The Karpathy CLAUDE.md File That 43,000 Developers Installed in 1 Week (Full Breakdown)

ELI5/TLDR

Andrej Karpathy tweeted his pet peeves about AI coding agents — they assume too much, overbuild, edit things you didn’t ask for, and lose the thread on what “done” means. A developer named Forest distilled the tweet into a single CLAUDE.md file, dropped it on GitHub, and 43,000 people starred it in a week. The file is just four rules. The video walks through each, side by side with a vanilla Claude Code session, to show the rules actually changing behaviour.

The Full Story

The setup

The repo is obra/superpowers — sorry, the video calls it the “Karpathy skills” repo by Forest. One markdown file. You drop it into your project and Claude Code starts behaving like the agent Karpathy wishes it were. The host runs every test twice: vanilla session on the left, Karpathy-loaded session on the right, same prompt, same codebase (a “Rubric” agent dashboard app).

Rule 1 — Think before coding

Karpathy’s complaint:

The most common category of mistake that these agents make is that the models make wrong assumptions on your behalf and just run along with them without checking. They also don’t manage their confusion. They don’t seek clarifications and they don’t surface inconsistencies.

Test: “add a light mode toggle.” Vanilla Claude reports success. The toggle isn’t there. Karpathy Claude actually adds it, top right next to search, and bothers to pick the right icon colours so it doesn’t look broken next to the others. The framing the host lands on: without the rule, Claude assumes what you want; with it, Claude asks first.

Rule 2 — Simplicity first

Karpathy’s complaint, paraphrased: agents default to bloated thousand-line solutions when twenty would do. They were trained on production codebases, so they reach for production patterns even when you asked for a five-minute feature.

Test: add a search bar that filters a tab list. Vanilla session: claims success, nothing changed. Karpathy session: ships it in 20 lines, no clever separator-tracking logic, no extra UI it wasn’t asked for. The vanilla session, when it eventually does something, uses 50%+ more code.

Rule 3 — Surgical changes

The subtle one. Karpathy:

They still sometimes change or remove comments in code that they don’t like or don’t sufficiently understand even if it is orthogonal or not related to the task at hand.

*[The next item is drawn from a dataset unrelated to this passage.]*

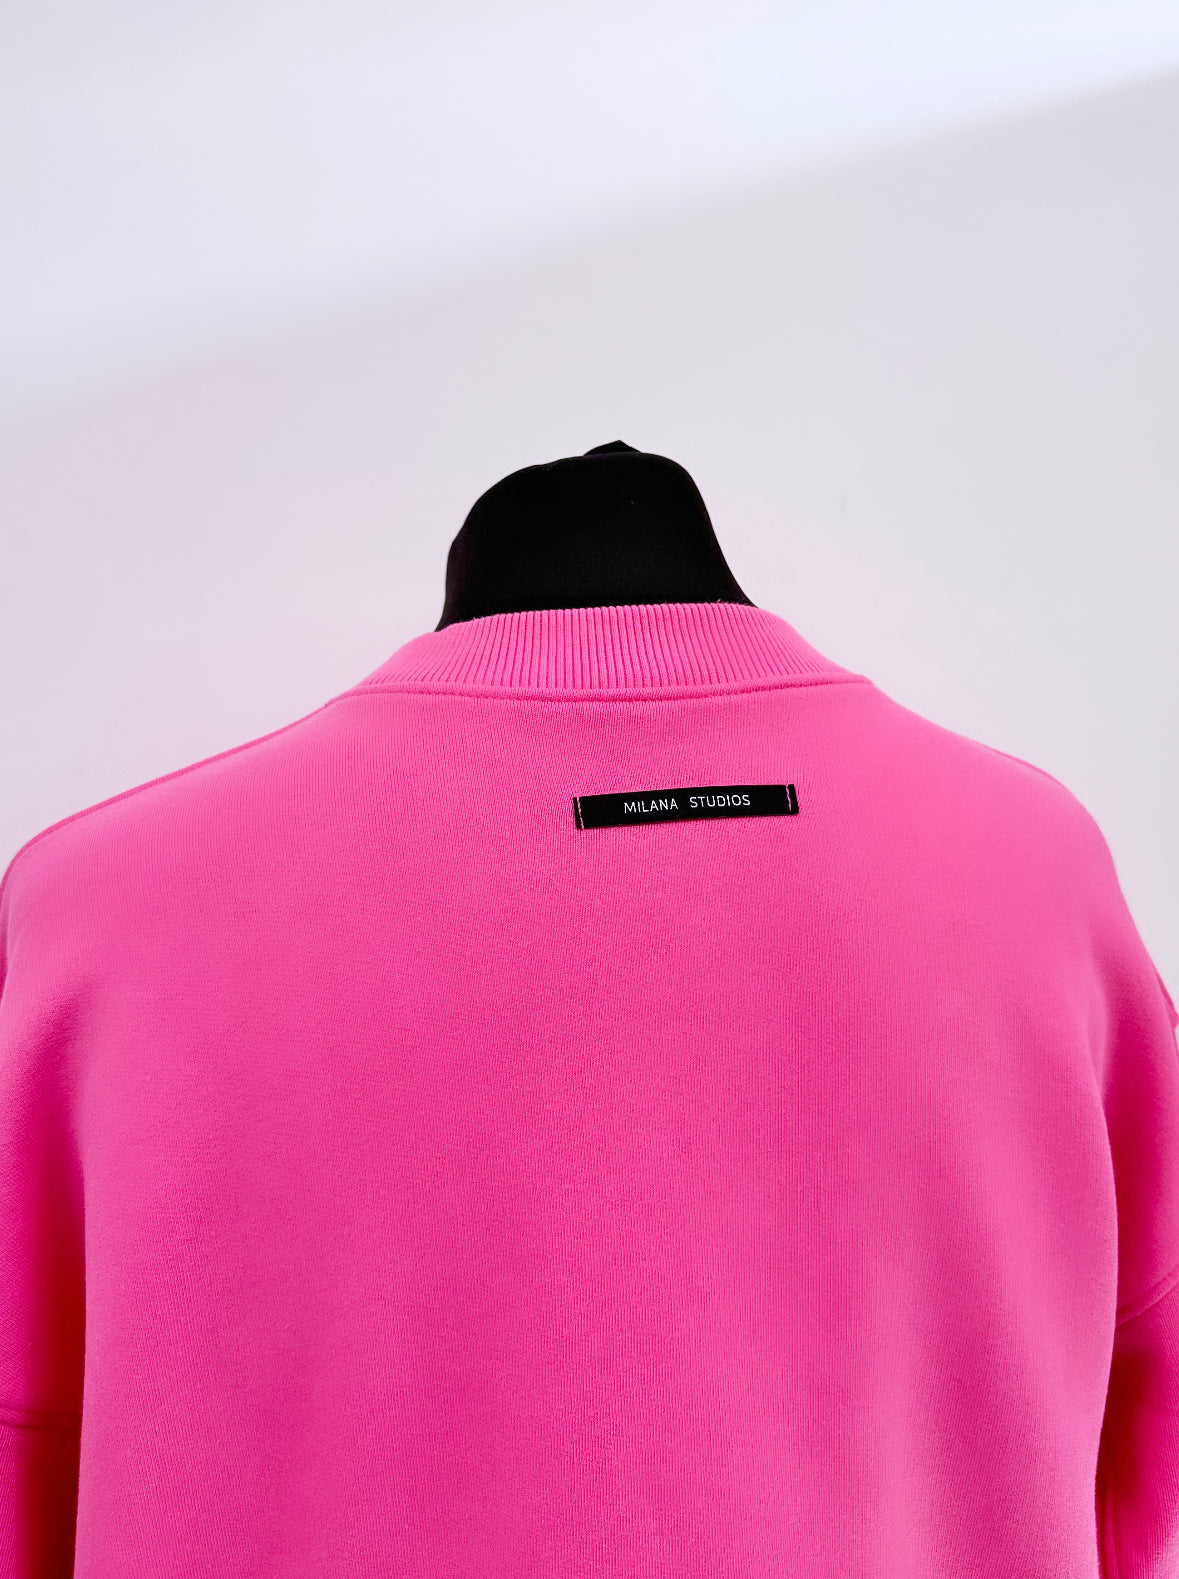 Hot Pink Heavyweight Graphic Open Hem Sweatshirt.

Test: change the font from Outfit to Inter. Vanilla Claude burns tokens debugging why its change didn’t apply (it confirmed success but the dashboard still shows Outfit). Karpathy Claude finds every instance, swaps it, leaves the Google Fonts URL structure and font-family declarations untouched. The host’s reframe: extra lines look like productivity but are just productivity for productivity’s sake — and they cost tokens.

Rule 4 — Goal-driven execution

Define “done.” Don’t dictate the path. Karpathy again:

LLMs are exceptionally good at looping until they meet specific goals.

Imperative (“put the icon picker in the top right corner with a 4x4 grid of options”) versus declarative (“let the user pick an icon for each agent”). The host gives the goal-only prompt and the agent figures out where the picker lives, how many icons to show, what they look like. When you click an agent, an icon picker opens; selecting one updates the UI.

Key Takeaways

Bake an “ask first” rule into CLAUDE.md — explicit instructions to surface assumptions, ask clarifying questions, flag inconsistencies before writing code.
Add a simplicity clause — something like “prefer 20 lines to 200; only reach for production patterns if asked.” Counters the production-codebase training bias.
Forbid orthogonal edits — “do not touch comments, formatting, or unrelated code.” Saves tokens and prevents drift in long sessions.
Write prompts declaratively — describe done, not the path. Especially for UI tasks where the agent has more taste than you give it credit for.
Verify the actual app, not the agent’s report — the vanilla session repeatedly claimed success when nothing had changed. Trust the running build, not the chat.
Worth comparing against your own CLAUDE.md — yours is a project memory file (vault structure, scripts, conventions) rather than a behavioural one. The Karpathy file is orthogonal — could live alongside.

Claude’s Take

Useful, mostly because the side-by-side demos make the abstract advice concrete. The four rules themselves aren’t new — anyone who’s used Claude Code for more than a week has run into all four failure modes and probably written some version of these rules into their own setup. The contribution is the packaging: one file, four principles, viral GitHub repo.

The video does soft-pedal a few things. The “vanilla Claude reported success but nothing changed” failure happens, but not as reliably as the demos suggest — there’s some cherry-picking. The 43,000 stars are partly a Karpathy-name halo. And “goal-driven” prompting can backfire when the model picks a wrong frame and runs with it for an hour; the same Rule 1 (ask first) is meant to catch this, but the rules pull against each other in practice.

Still, six out of ten because the takeaway is real: most people’s CLAUDE.md files are project context, not behavioural guardrails. Adding the four rules — or some version — is genuinely cheap upside.